Slowing Changing Dimensions (SCD) Type 2
Data warehouses or marts that use one of the forms of a star schema data model design can use the Current Flag Indicator to support SCD type 2 processing for dimension table loads.
The established method for processing of SCD type 2 records is to sort both sources of information, the operational system versus the data warehouse / data mart, based on the production or natural key of the dimension table. The current flag indicator can be used to constrain which records from the dimension table will be compared to the current load cycle data that is scheduled to be processed to the warehouse. Only dimension records containing a “Y” in the current indicator column are required to be compared to the load cycle data, since they contain the most updated information for the specific production key(s).
Designers make an additional comparison between the two data files based on these key column(s). Current load cycle records with production key values not found in the dimension table are loaded as new rows. These rows receive new surrogate keys for the dimension and have their current indicator flag set to “Y.” The current flag setting is due to the fact that no other occurrence of the production key(s) combination exists in the dimension table to date.
Production key(s) found in both the load cycle data and the dimension table are examined based on columns that the data consumers believe to be relevant for tracking changes to the data warehouse / data mart. The two sources are sorted by the key and relevant columns. Administrators make a consecutive comparison against these files. Current load cycle records that have relevant columns that do not match their corresponding dimension table rows are flagged as new rows. These rows are inserted with new surrogate keys and have the current flag indicator set to “Y” due to an update made to a relevant column since the last load cycle.

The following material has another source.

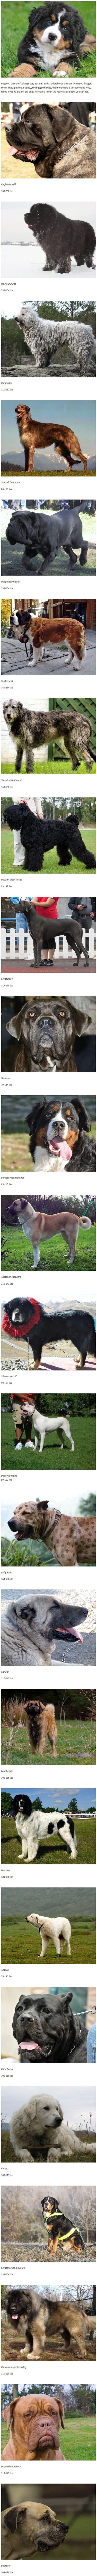 Massive dog breeds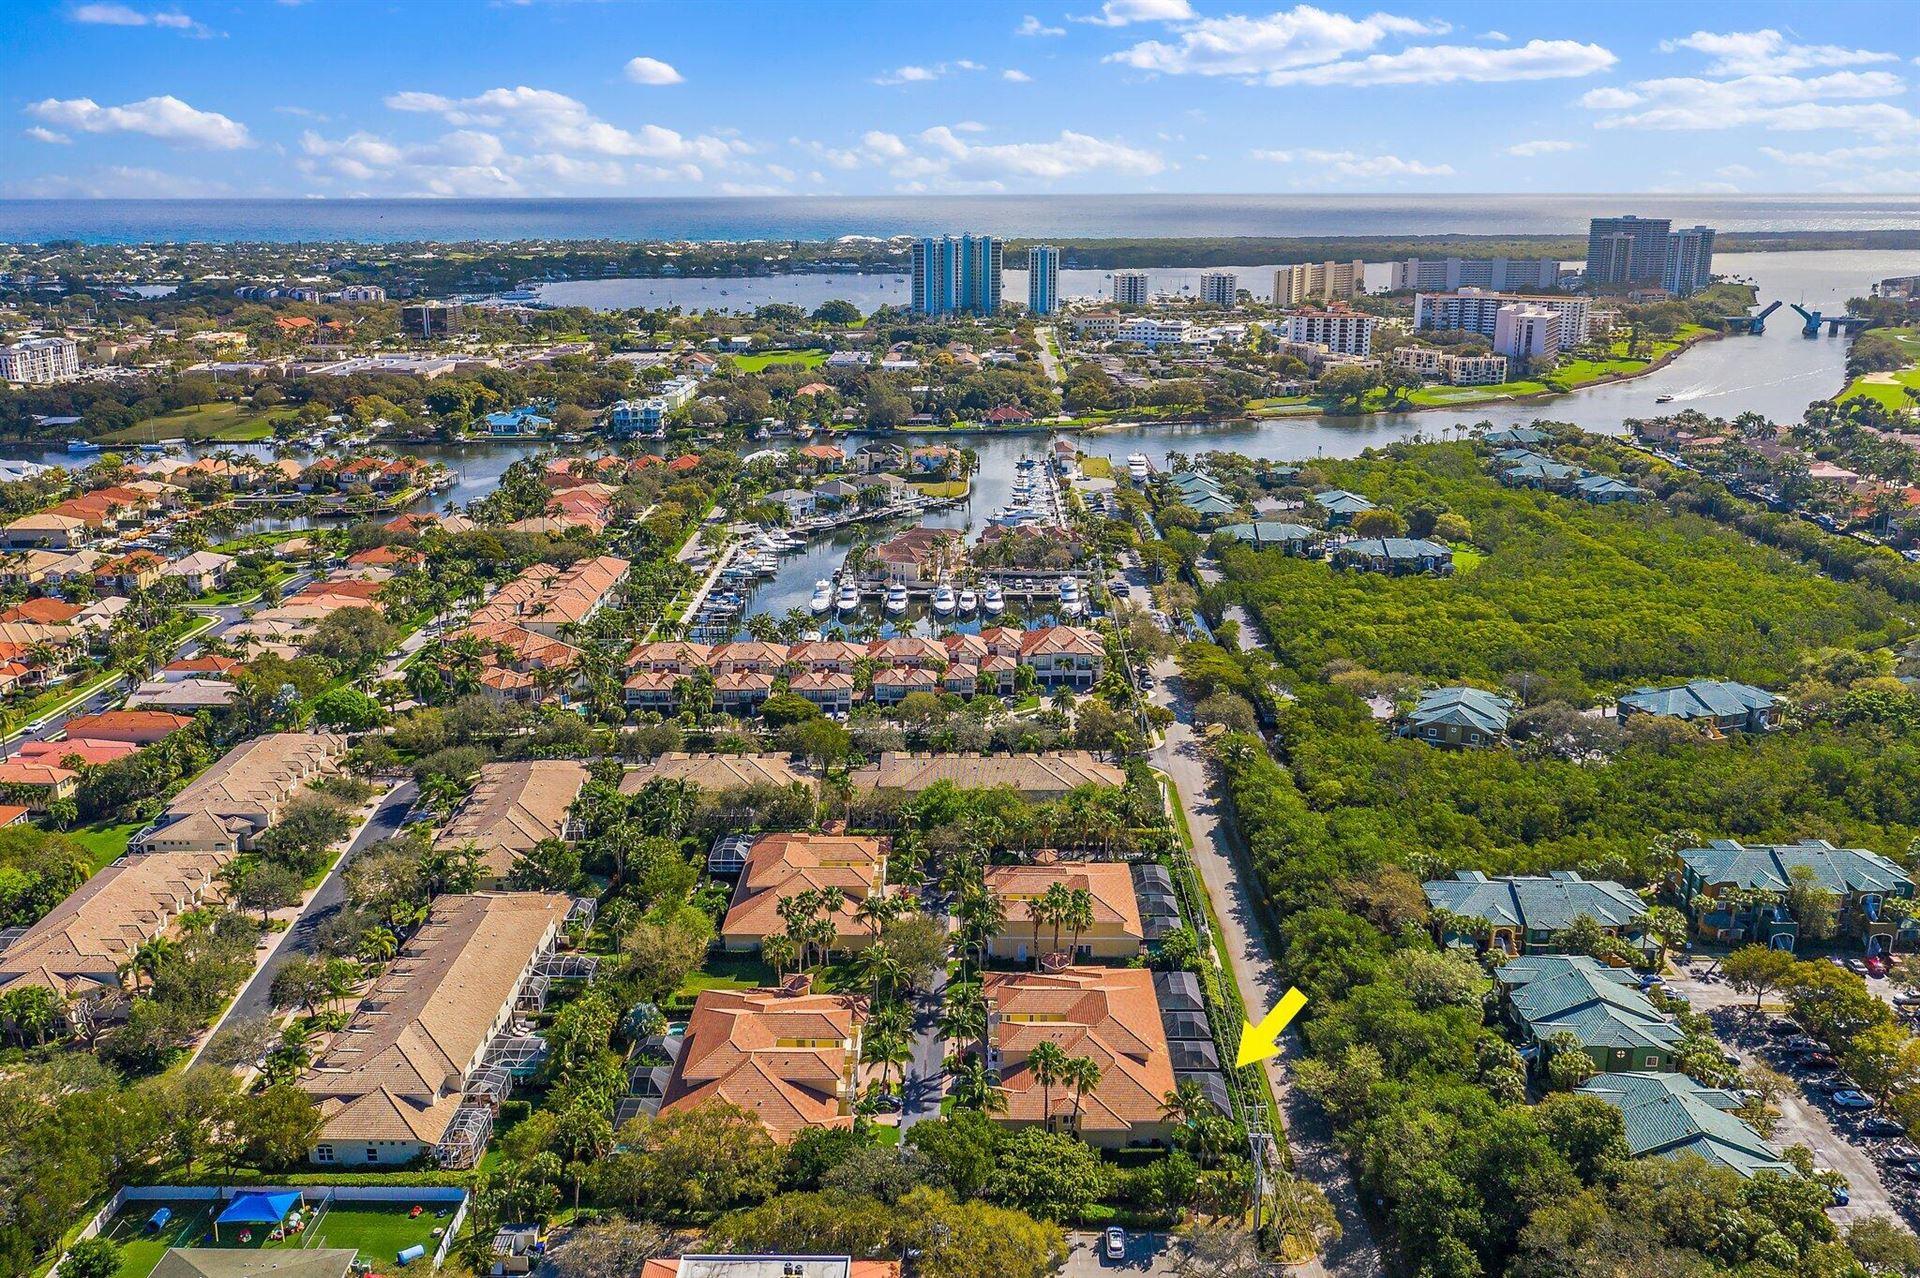 Photo of 107 Renaissance Drive, North Palm Beach, FL 33410 (MLS # RX-10697997)

Previously loaded dimension rows that have a matching production key(s) when compared to the current load cycle file but have differences in relevant columns are assigned a current indicator of “N”. These rows receive this setting since new information on relevant columns of the dimension have been received in the most recent load cycle. Generally, data consumers review these instances and correct the anomalies for later inclusion into the warehouse / data mart.
This process of constraining on the current flag indicator and performing comparisons on production keys between the dimension table and load cycle is repeated during each update process to the data warehouse.
Unique Questions Answered by Operational Metadata
Many administrative and data quality measurement questions can be answered due to the incorporation of operational metadata columns into the data warehouse architecture. Some examples of the questions that the use of operational metadata can answer could include:
- What operational system or systems provided this particular row of information to the data warehouse (data quality and administrative)?
- When was this particular row of information last refreshed by the operational systems (data quality)?
- How many rows of information will be affected by an archive to near-line storage or a purge process (administrative)?
- What is the growth rate for a table per load cycle (administrative)?
Adding operational metadata allows for detailed, row level explanation of the facts found in the data warehouse. The inclusion of these types of attributes into the data warehouse (starting at the DW architecture) and ETL processes can reconcile data quality issues and enable enhanced performance capabilities. This reconciliation offers an increase in data integrity, and the performance improvement provides greater capability in data warehousing administration tasks. Data consumers can become more confident about the data quality provided through the data warehouse when making decisions and performing analytical actions from the data contained in the environment.
Part one explored various techniques to implement operational metadata in the design of a data warehouse.